To summarise, the problem is given by the inability of the current stream reasoning systems (i) to perform semantic reasoning on changing information from heterogeneous sensors and (ii) to support decision in case of incomplete information.
Our solution is based on three technical components: description logic (DL), plausible logic (PL) and functional programming. Description logic is used to deal with heterogeneity and to fill the gap between low level sensor data and high level knowledge requested by decision takers. Plausible Logic, being non-monotonic, is used for handling incomplete information and its explicit priorities are used to solve inconsistencies. The Haskell data structures are used to model infinite streams based on the lazy evaluation mechanism of Haskell. Also, functional programming is used to process streams on the fly according to given aggregation policies.
Note that in the current approach, the rule-based system is not on top of the ontology level, as envisaged by the Semantic Web stack. Instead, they are at the same level with part of the ontology being translated into strict rules. Consequently, after the translation, all the reasoning on streams is performed within the plausible logic framework. The main advantage rests in the time needed, given the superior efficiency of plausible logic [
7] compared to description logic [
8].
This paper is an extended version of [
9]. The first contribution regards the integration of plausible rules with description logic. As a second contribution, we describe the use of Haskell data structures and the lazy evaluation mechanism for continuous reasoning on infinite streams.
We exploit non-monotonic rule-based systems for handling inconsistent or incomplete information and also ontologies to deal with heterogeneity. Data is aggregated from distributed streams in real time, and plausible rules fire when new data is available. This study investigates the advantages of lazy evaluation on data streams as well.

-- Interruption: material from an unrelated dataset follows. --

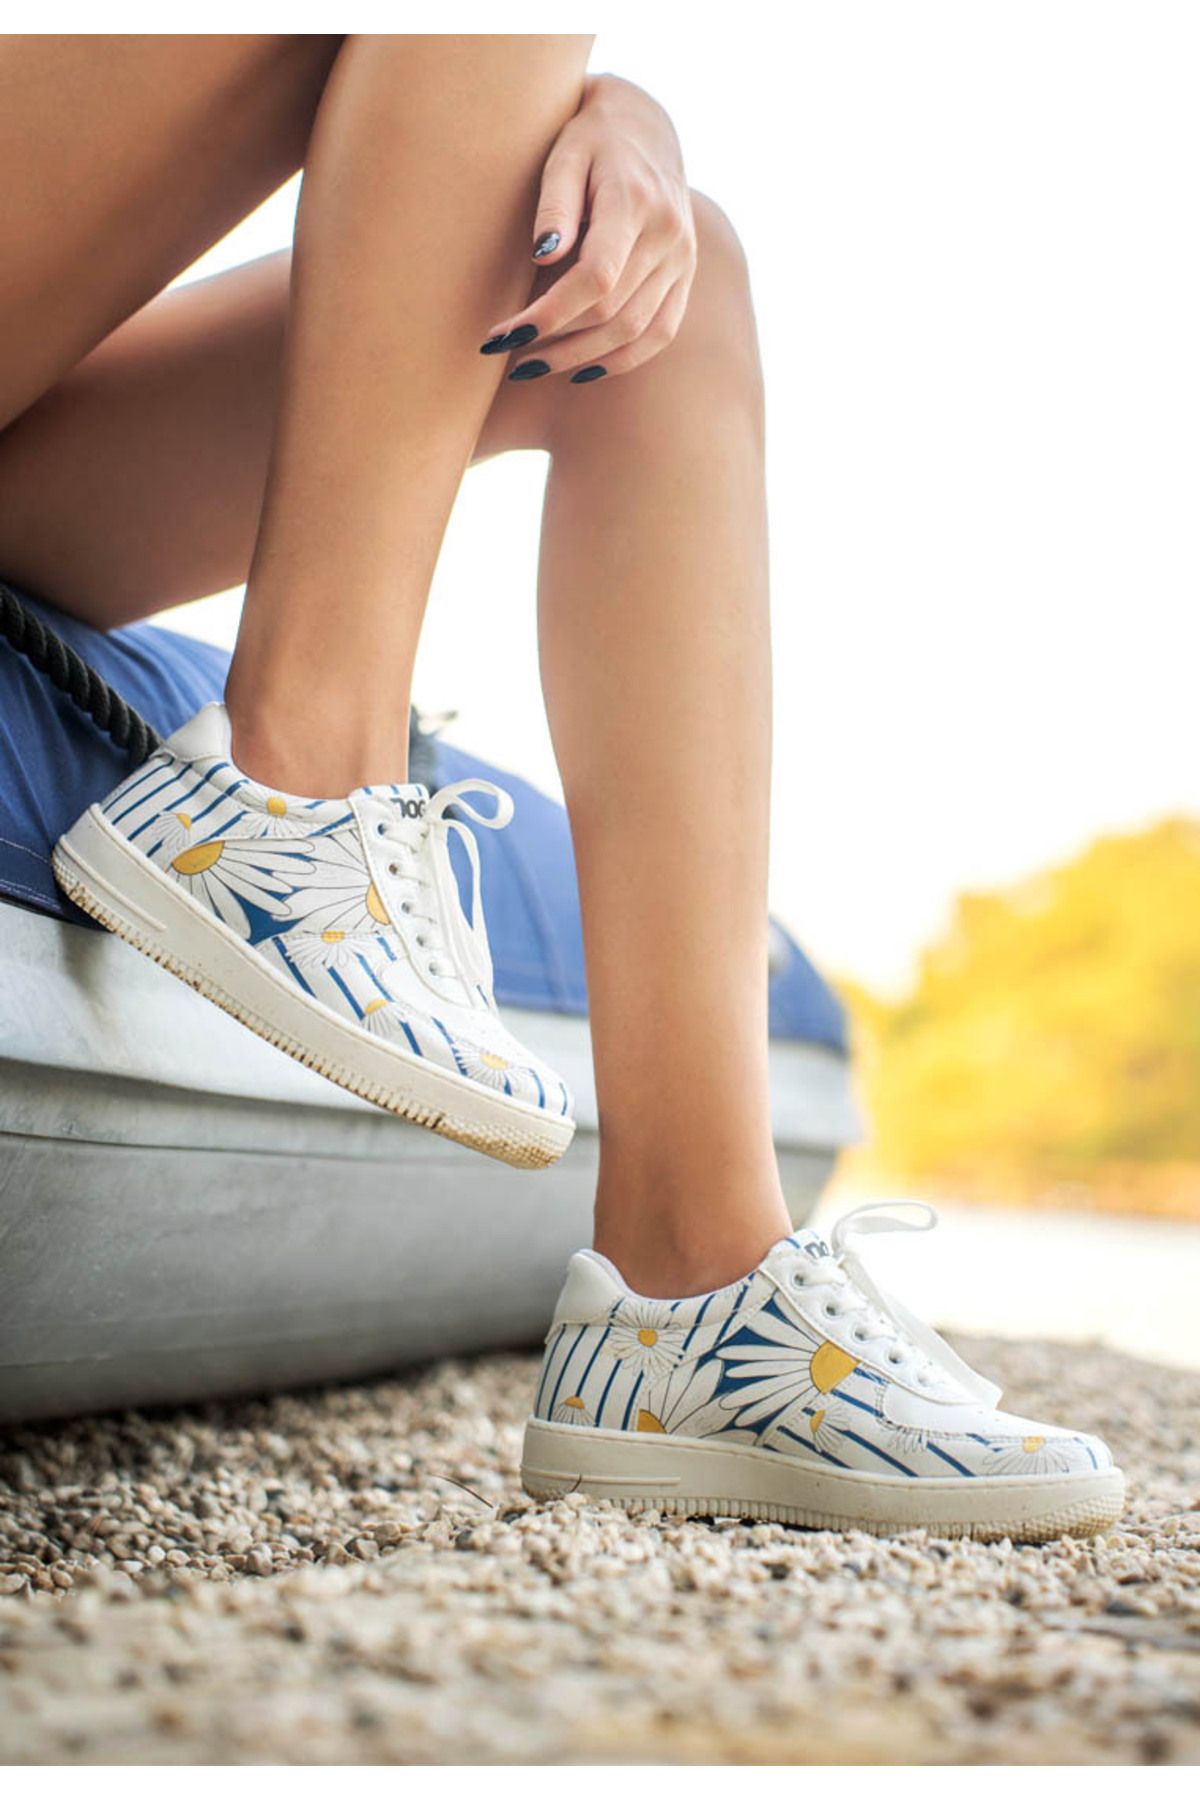 Dogo Kadın Vegan Deri Beyaz Sneakers - Daisy Stripes Tasarım

Section 2 evidentiates distinctive features of our approach compared to related work.
Section 3 introduces the technical instrumentation, which is based on plausible logic and description logic.
Section 4 presents the developed stream management system. A running scenario is illustrated in
Section 5. Finally,
Section 6 summarizes the advantages and possible improvements of our solution.
2. Related Work
Stream integration is considered an ongoing challenge for the stream management systems [
2,
3,
10,
11], with several tools available to perform stream reasoning.
DyKnow [
12] introduces the knowledge processing language KPL to specify knowledge processing applications on streams. We exploit the Haskell stream operators to handle streams and the list comprehension for querying these streams. The SPARQL algebra is extended in [
13] with time windows and pattern matching for stream processing. In our approach we exploit the existing list comprehension and pattern matching in Haskell, aiming at the same goal of RDF streams processing. Comparing with C-SPARQL, Haskell provides capabilities to aggregate streams before performing queries against them. Etalis tool performs reasoning tasks over streaming events with respect to background knowledge encapsulated as Prolog rules [
14]. In our case, the background knowledge is obtained from ontologies, translated as strict rules in order to reason over a unified space.

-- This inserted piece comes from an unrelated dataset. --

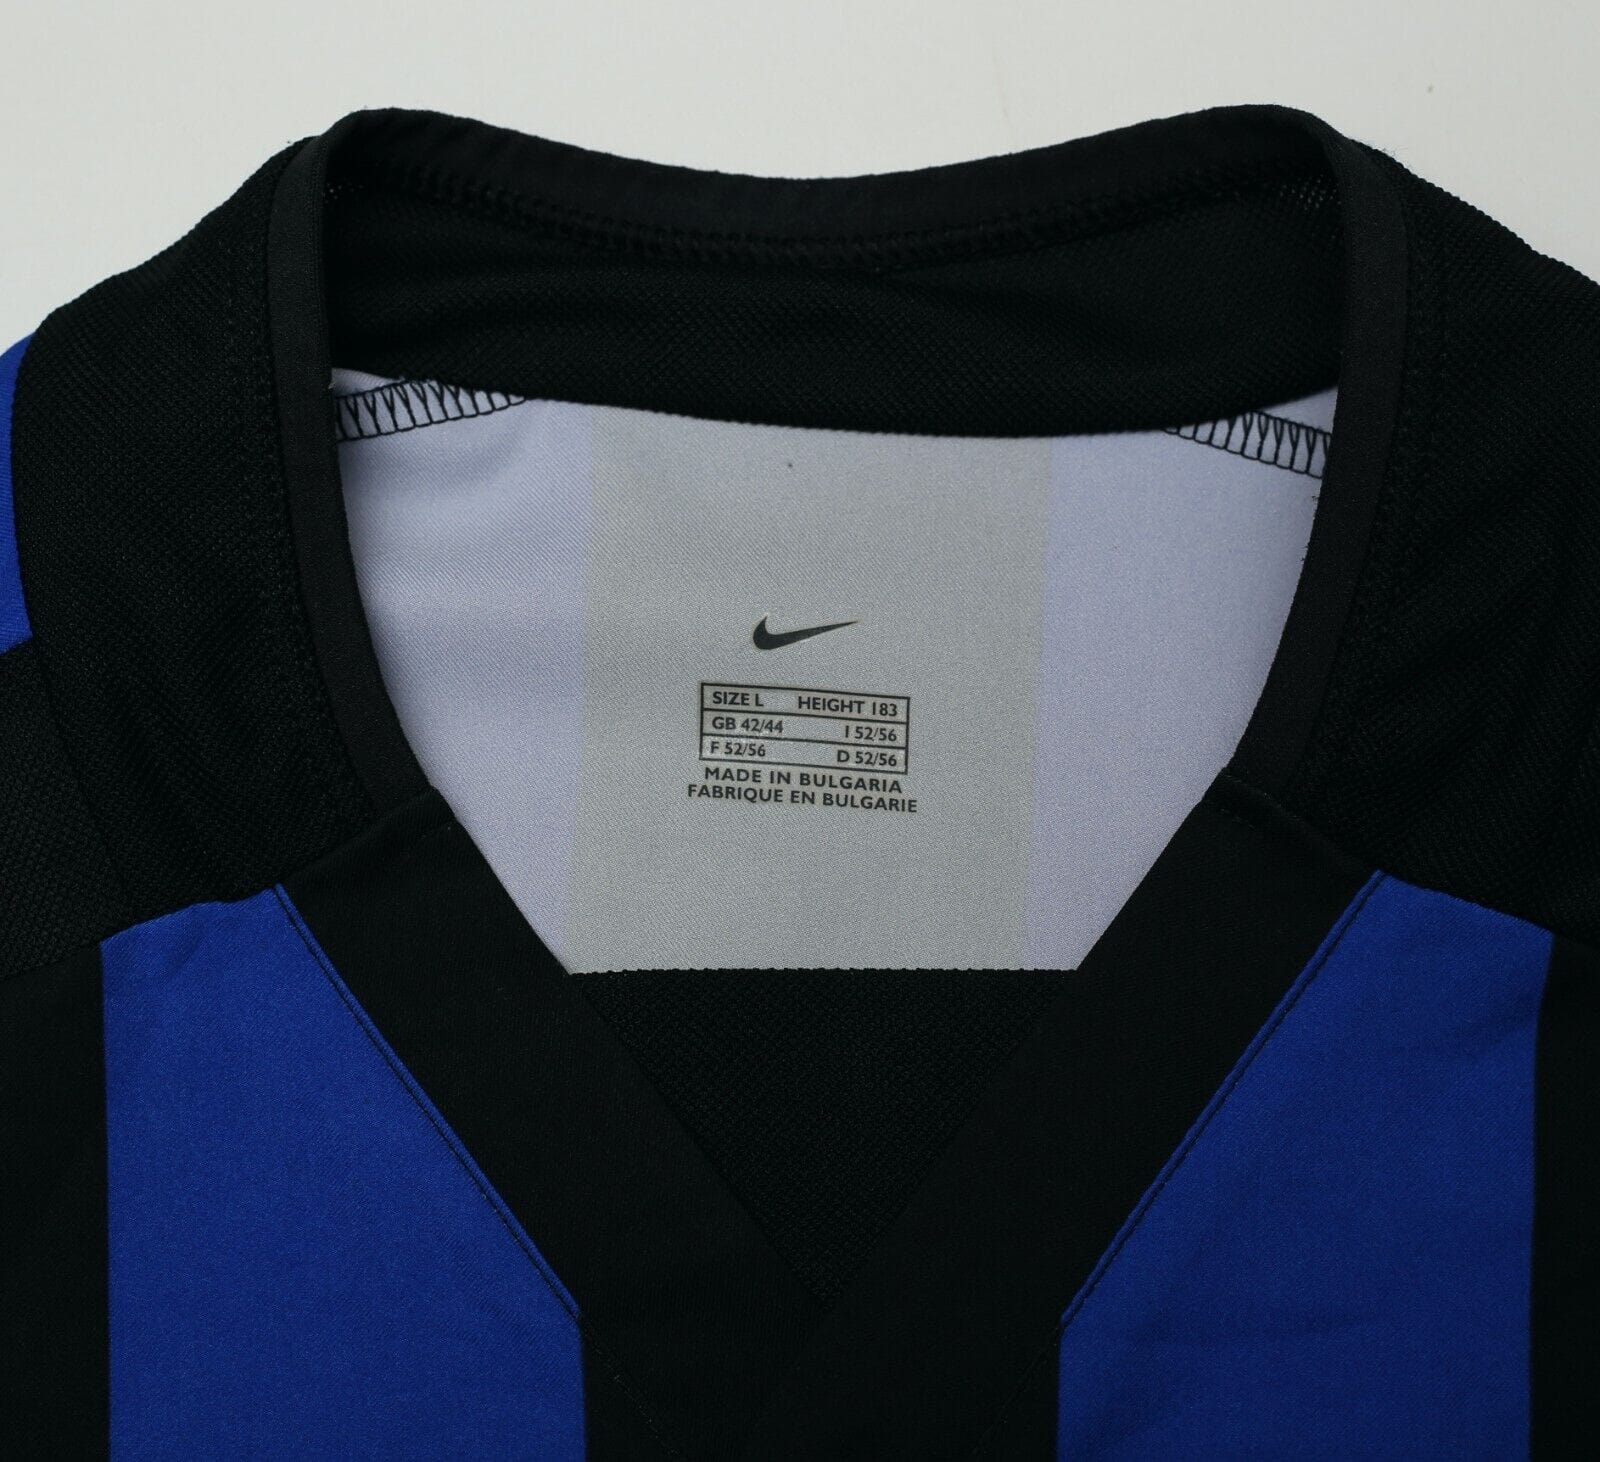 2002/03 BATISTUTA #19 Inter Milan Vintage Nike Home Football Shirt Jersey (L)

The need to consider revision in stream processing is also addressed in [
15]. A rule-based algorithm is developed to handle different situations in which event revision should be activated. In our case, the defeasible semantics of plausible logic is enacted to block the derivation of complex events in case of new contradictory information. Consequently, the knowledge engineer would be responsible to define what a plausible event is, and what consequences cannot be retracted even if its premises have been proved false after revision, by modelling them as strict rules. One possible line of research, which harmonises these two complementary approaches, would be to develop a logic for stream processing.
The strength of plausibility of the consequents is given by the superiority relation among rules. One idea of computing the degree of plausibility is to exploit specific plausible reasoning patterns like epagoge: “If A is true, then B is true. B is true. Therefore, A becomes more plausible”, “If A is true, then B is true. A is false. Therefore, B becomes less plausible”, or “If A is true, then B becomes more plausible. B is true. Therefore, A becomes more plausible.”
The research conducted here can be integrated into the larger context of Semantic Sensor Web, where challenges like abstraction level, data fusion, application development [
16] are addressed by several research projects like Aspire [
17] or Sensei [
18]. By encapsulating domain knowledge as description logic programs, the level of abstraction can be adapted for the current application by importing a more refined ontology into DLP. From a different perspective, the ontology used for stream processing acts as a summator [
19]: instead of storing all the input data, the incoming items are classified and only this abstract knowledge is stored as instances. One advantage is that the system facilitates business intelligence through the set of semantic queries that can be addressed against the classified knowledge. Examples of such queries are “how many dairy products have been sold since yesterday” or “what quantity of man’s wear was sold in the last month”, where the level of refinement is given by the exploited ontology.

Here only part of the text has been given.